Wednesday, July 30, 2014
Roger Michalski (Brooklyn Law School) and Abby Wood (USC Gould School of Law) have posted Twombly and Iqbal at the State Level to SSRN.
This paper contributes to the empirical literature on pleading standards by studying the effect of Twombly and Iqbal at the state level. Studying pleading in the states is appealing for three reasons.
First, the findings of this paper are the first to address the empirical workings of pleading regimes where most litigation in the United States occurs. States account for the majority of civil litigation, yet they are understudied doctrinally and empirically. Here, we examine filing behavior, the content and length of complaints, the use of amended complaints, voluntary dismissals, motion to dismiss filed, and dismissal rates.

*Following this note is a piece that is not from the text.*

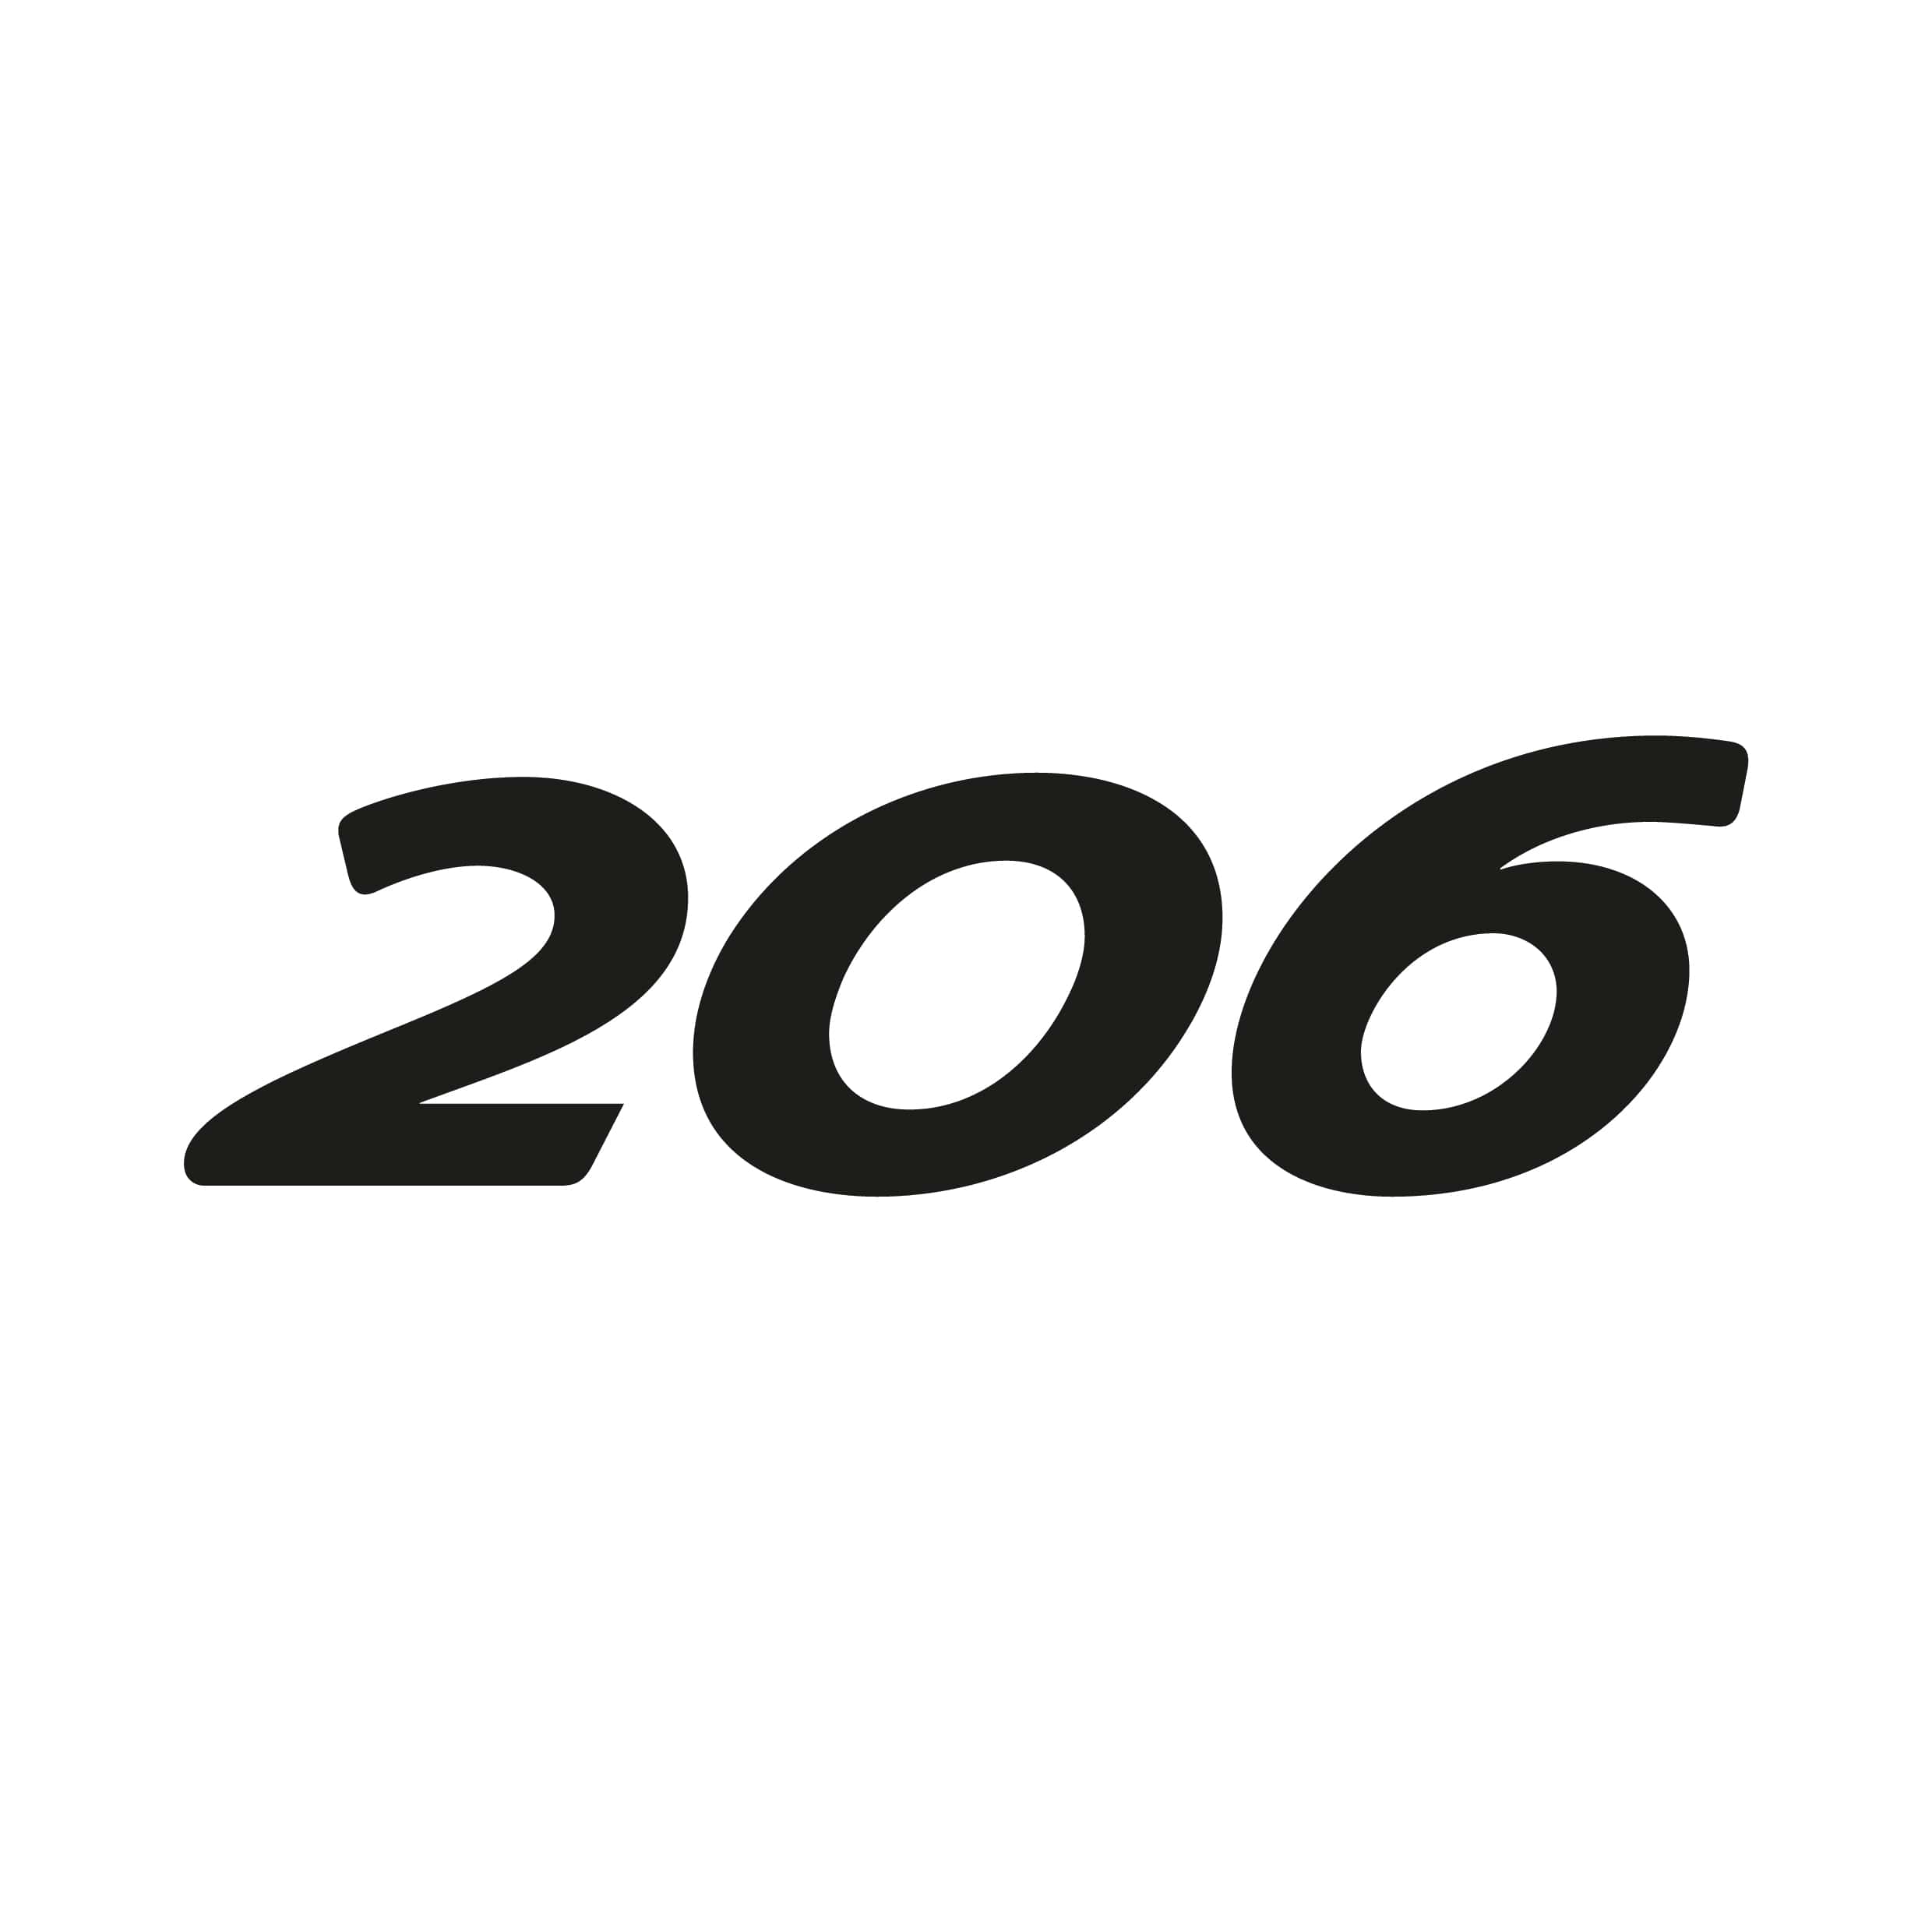 stickers-peugeot-206-ref36-autocollant-voiture-sticker-auto-autocollants-decals-sponsors-racing-tuning-sport-logo-min

Second, federal civil procedures only vary across time. There is only one pre-Iqbal federal pleading regime and one post-Iqbal regime. When we consider pleading at the state level, we can leverage differences across space and time. When some states change pleading standards while others do not (as here), we are presented with a natural experiment on the effects of pleading standards ripe for empirical study.
Third, our focus on the state level allows us to introduce synthetic controls to the study of pleading. Using synthetic controls frees us from one of the basic vulnerabilities of using one specific state (or group of states) as a comparison category – the threat that the states are fundamentally different, and we are instead comparing apples and oranges. Synthetic controls allows us to construct a composite of states as a control state, which, by construction, is a close match to the treatment state.
Until now, we simply did not know whether the existing literature at the federal level analyzed an outlier jurisdiction or whether pleading functions similarly in both state and federal courts. This paper fills that gap and lays the groundwork for future empirical research on national procedural uniformity and divergence.